Cancer has been thought to progress as a linear series of genetic events. Researchers have suspected all tumor cells in leukemia share the same genetic abnormalities and growth properties, but new findings suggest that is not the case.
The new discovery unveils how genetic abnormalities transform normal cells into leukemic cells and the steps that have to happen to make those cells abnormal and aggressive. The new research also shed light on "how leukemic cells at different steps of genetic evolution respond to therapy, or contribute to relapse," said Dr. John Dick, Senior Scientist at OCI's Campbell Family Institute for Cancer Research, the research arm of Princess Margaret Hospital, and the McEwen Centre for Regenerative Medicine at University Health Network.

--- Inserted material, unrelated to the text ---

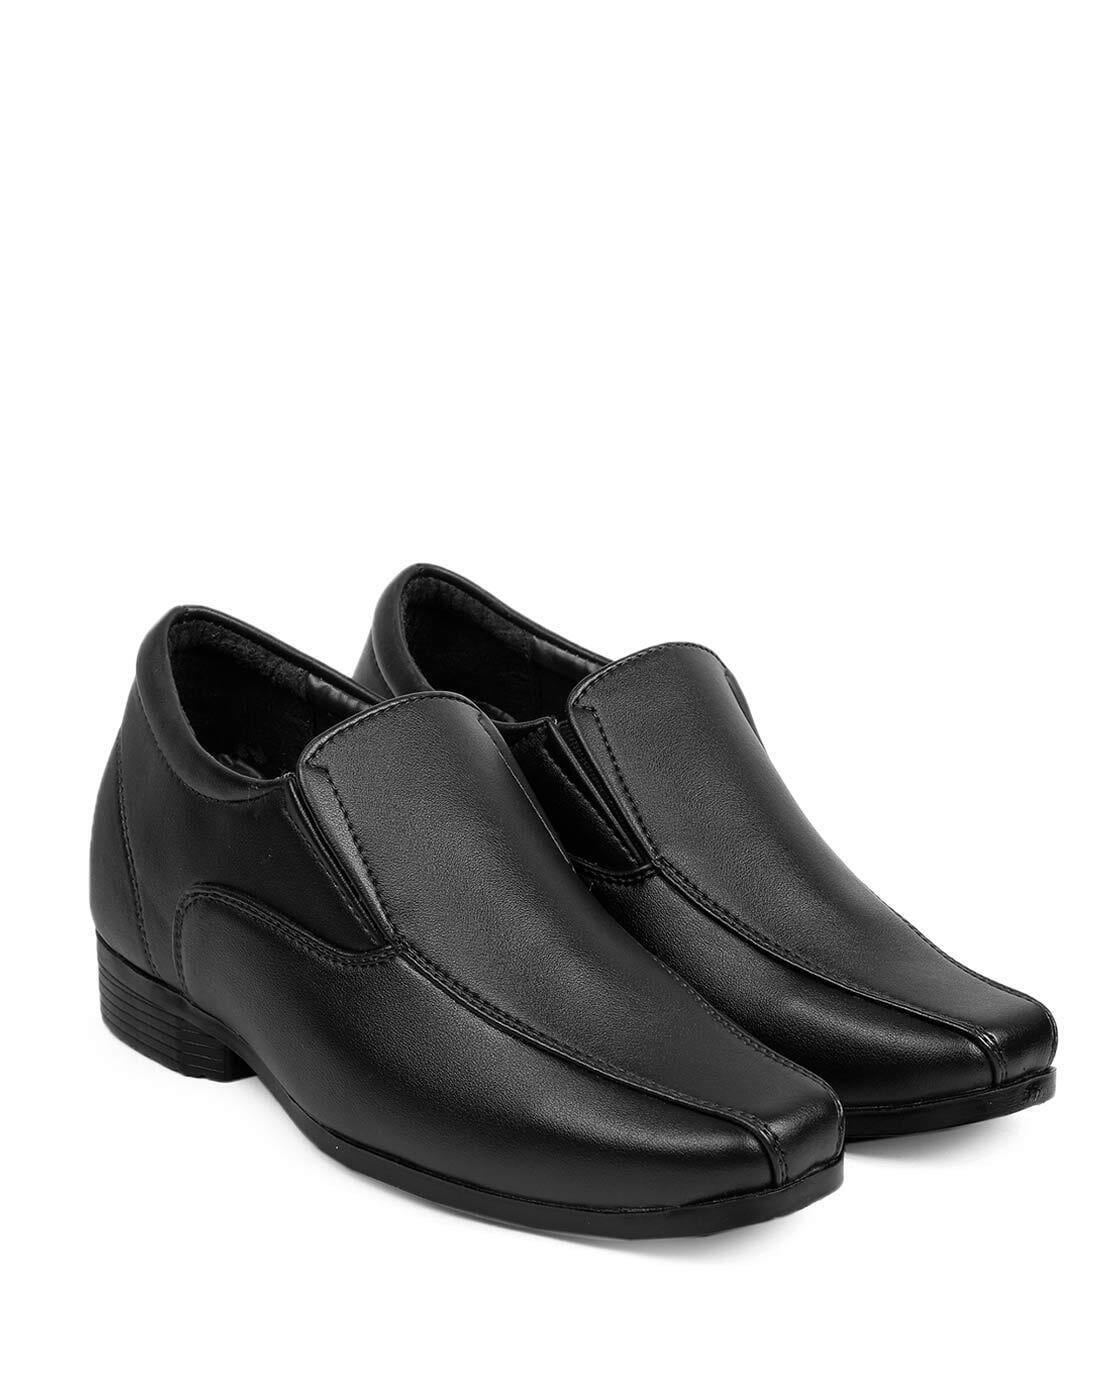 Stylish And Comfortable Black Leather Slip-on Formal Dress Shoes For Men  Heel Size: Flat at Best Price in Saharanpur | Neelkanth Shoes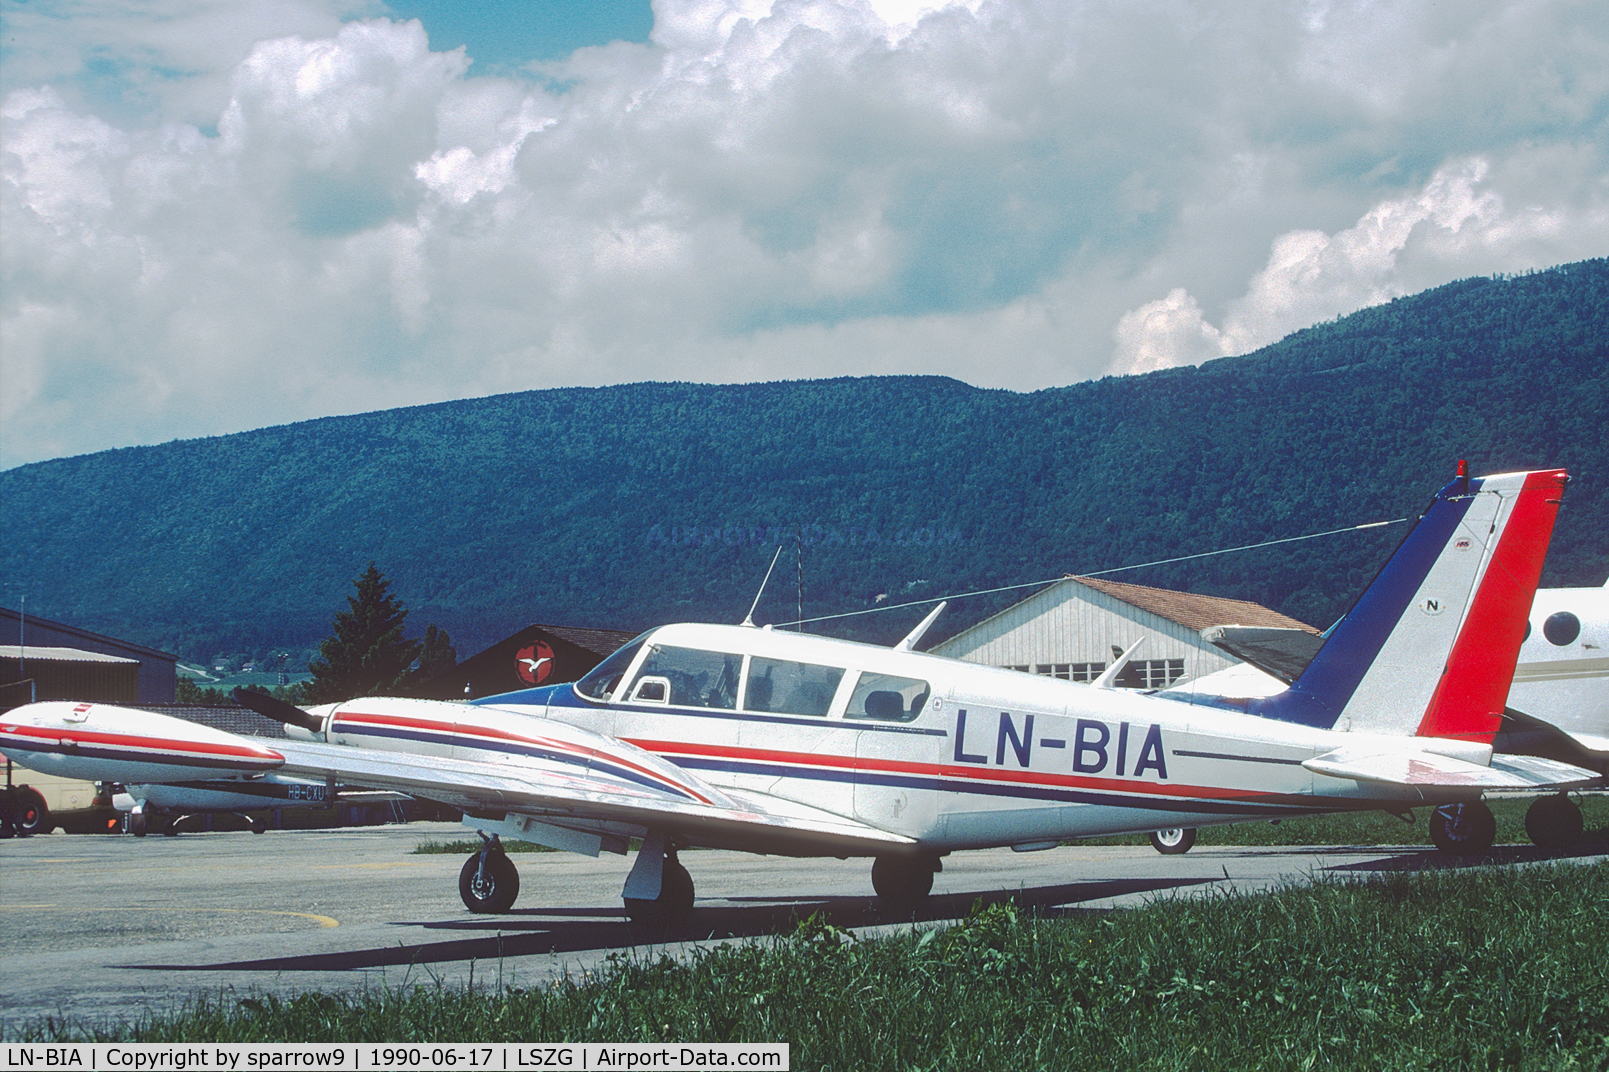 LN-BIA, 1971 Piper PA-39 Twin Comanche C/R C/N 39-129, At Grenchen. Crashed in Norway. Scanned from a slide.

This means defective genes and their individual leukemia cell carriers are arranged in a more complex way than previously suspected.
The researchers also found that leukemia cells taken from patients with acute lymphoblastic leukemia (ALL) are comprised of multiple families of genetically distinct leukemia cells. The traced this cellular "family tree" back to its roots and found the cells that promote the disease persist through generations, and even separate to evolve other cancer families that are genetically distinct.
The finding could yield more effective target therapies.
Dr. Dick said deciphering the "complexity of cellular relationships and the existence of distinct genetic families of leukemia cells" will help researchers determine why some cancer cells are not destroyed by therapy and eventually regrow and cause disease relapse.
Acute lymphoblastic leukemia is a cancer of white blood cells in which malignant, immature white blood cells over-multiply in bone marrow. The disease is most common in childhood, and prognosis is generally good with a cure rate of about 80 percent. Adults with the disease face a 45 percent to 60 percent chance of long-term, disease-free survival.